An administration official said that given the constraints of the Ryan-Murray budget, the 30 percent increase in agency funding demonstrated the president's commitment to implementing the 2010 Dodd-Frank financial-reform law, in which the CFTC plays a large role. The White House asked for $280 million in fiscal 2015, $65 million more than the agency's current funding but $35 million less than it requested in 2014.

Among Obama's new initiatives that are sure to go over well with Democrats in Congress and progressive voters are IRA accounts aimed at helping 13 million workers save for retirement, lower taxes for parents whose young children are enrolled in child care, and a broad expansion of the Earned Income Tax Credit, a federal tax credit for low- and moderate-income workers.

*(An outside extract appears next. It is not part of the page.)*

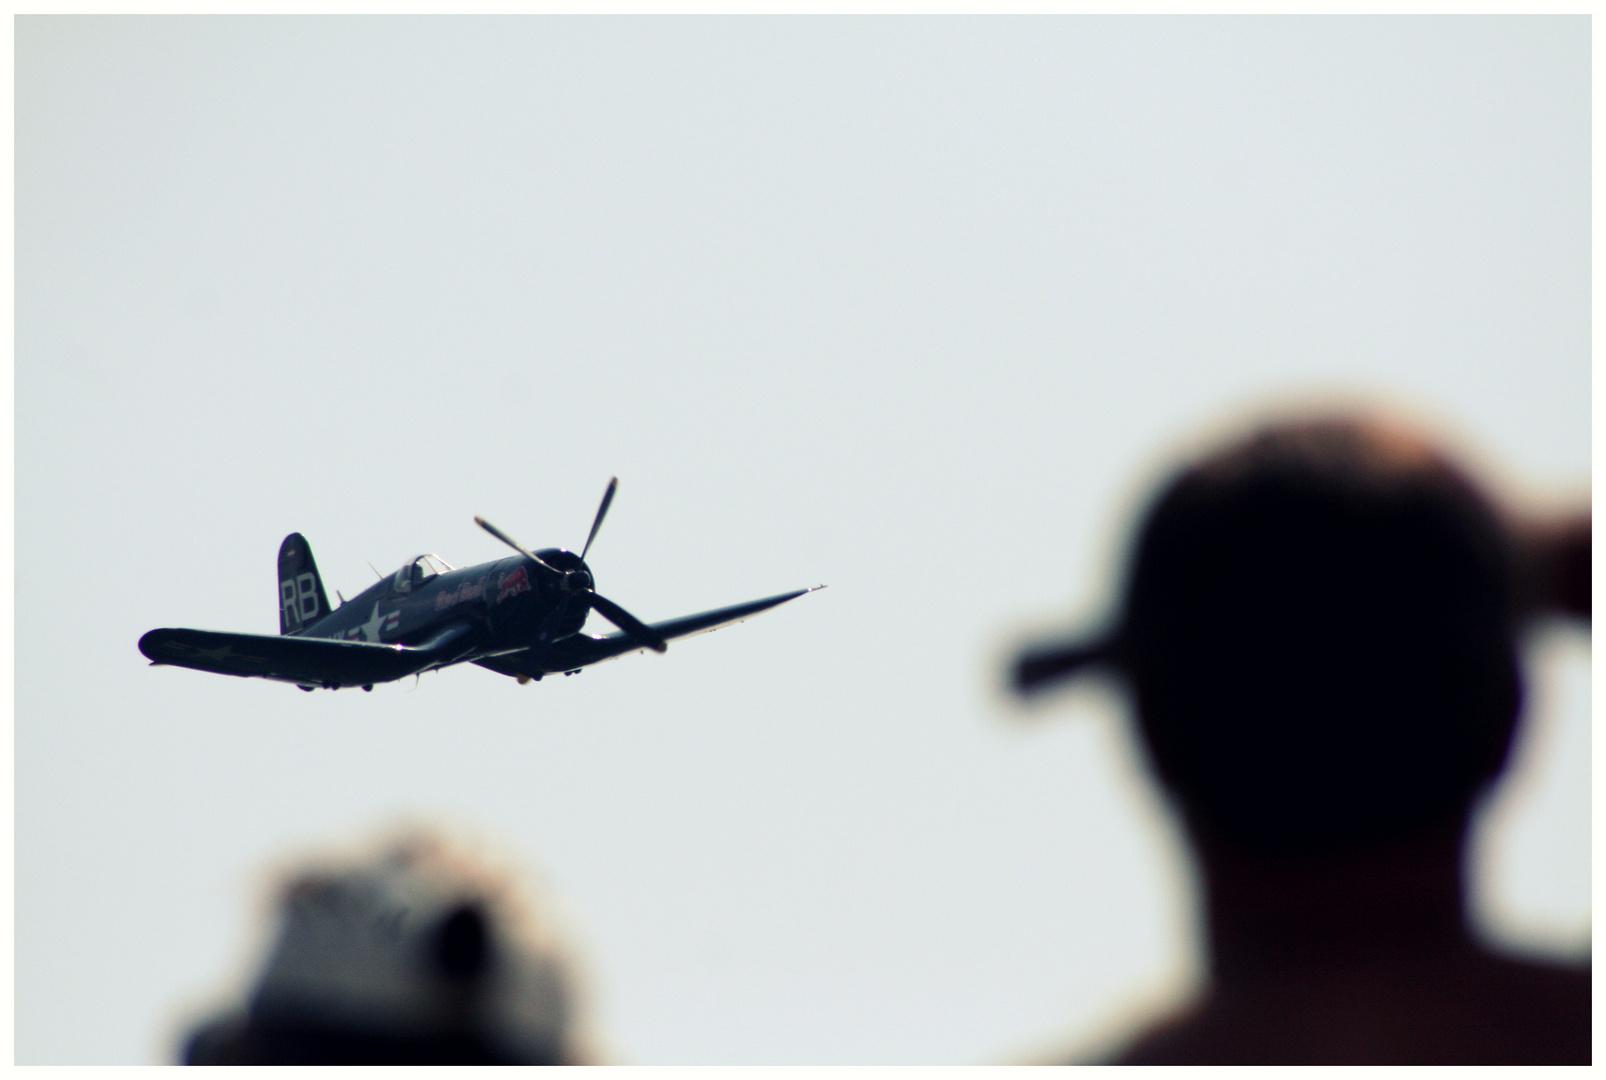 ...Red Bull Air Race...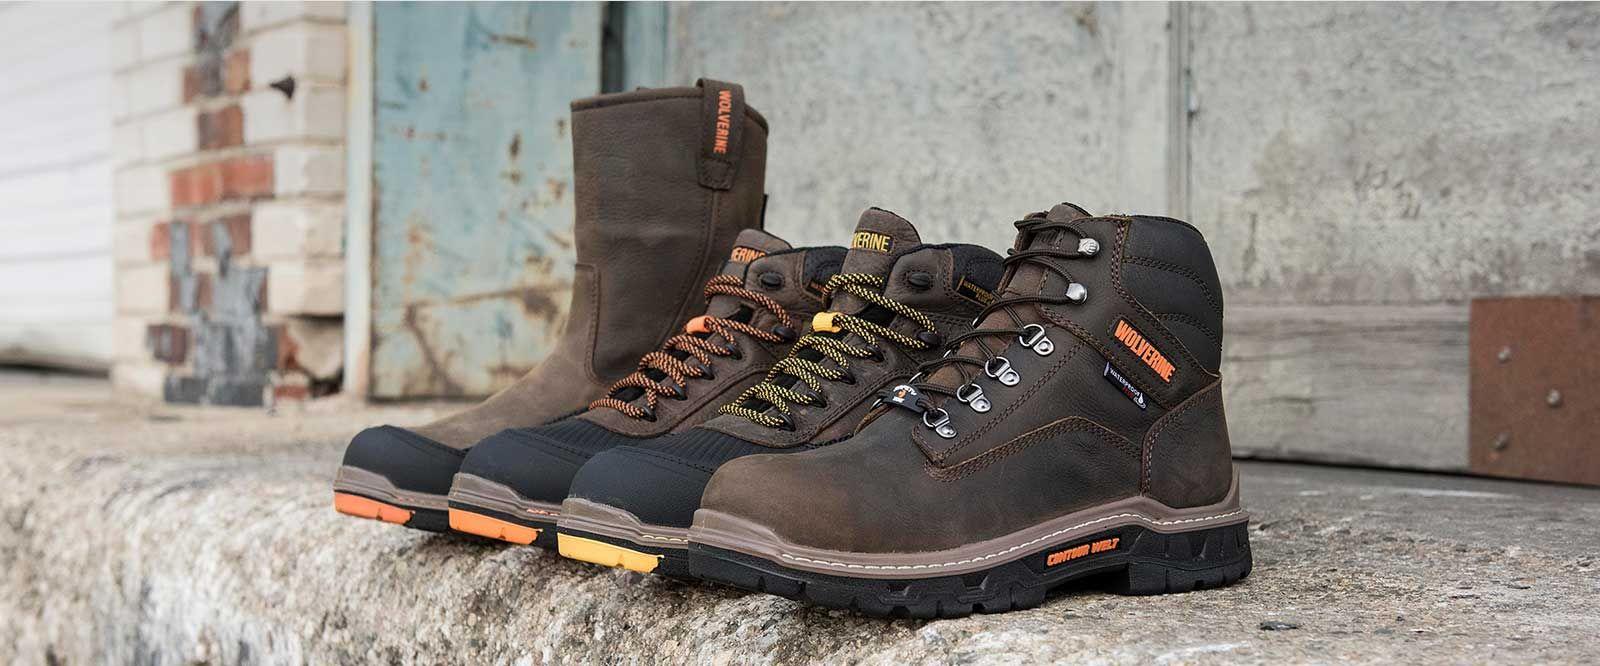 Best Lightweight Steel Toe Shoes for

The president's budget would expand the EITC program to childless adults and some younger workers, "lift[ing] about half a million people above the poverty line," according to the White House. The idea is popular among members of both parties and was recently touted by Berkshire Hathaway CEO Warren Buffett, an administration ally, as a better tool for helping lower-income Americans than raising the federal minimum wage, another of the president's priorities this year.

In the grander sweep of things, the White House said that if its budget proposals were implemented, the deficit would stabilize at less than 2 percent of gross domestic product and the government would be operating with a "primary surplus," which ignores spending on interest on debt, by 2018. Debt would rise to 74.6 percent of GDP in 2015 before gradually declining to 69 percent in 2024.

If it's all just wishful thinking and a rehash of proposals that have been put forward before, what are the White House's actual hopes for the budget? Sylvia Mathews Burwell, director of the Office of Management and Budget, told reporters that the White House is "making sure that, like last year, this budget influences the choices that are going to be made throughout the appropriations process."

Congressional appropriators have until October to pass 12 spending bills through both chambers and send them to Obama's desk.

Gene Sperling, the outgoing director of the National Economic Council, added at the same reporters' briefing that even though the budget rehashes some proposals of yore, he hopes it keeps a spotlight on them. "There are some things that have been in the budget that weren't passed, but they were never rejected," he said. "They may not have gotten the attention, but their issues are getting more attention now."

Attention, yes. But passage? Unlikely.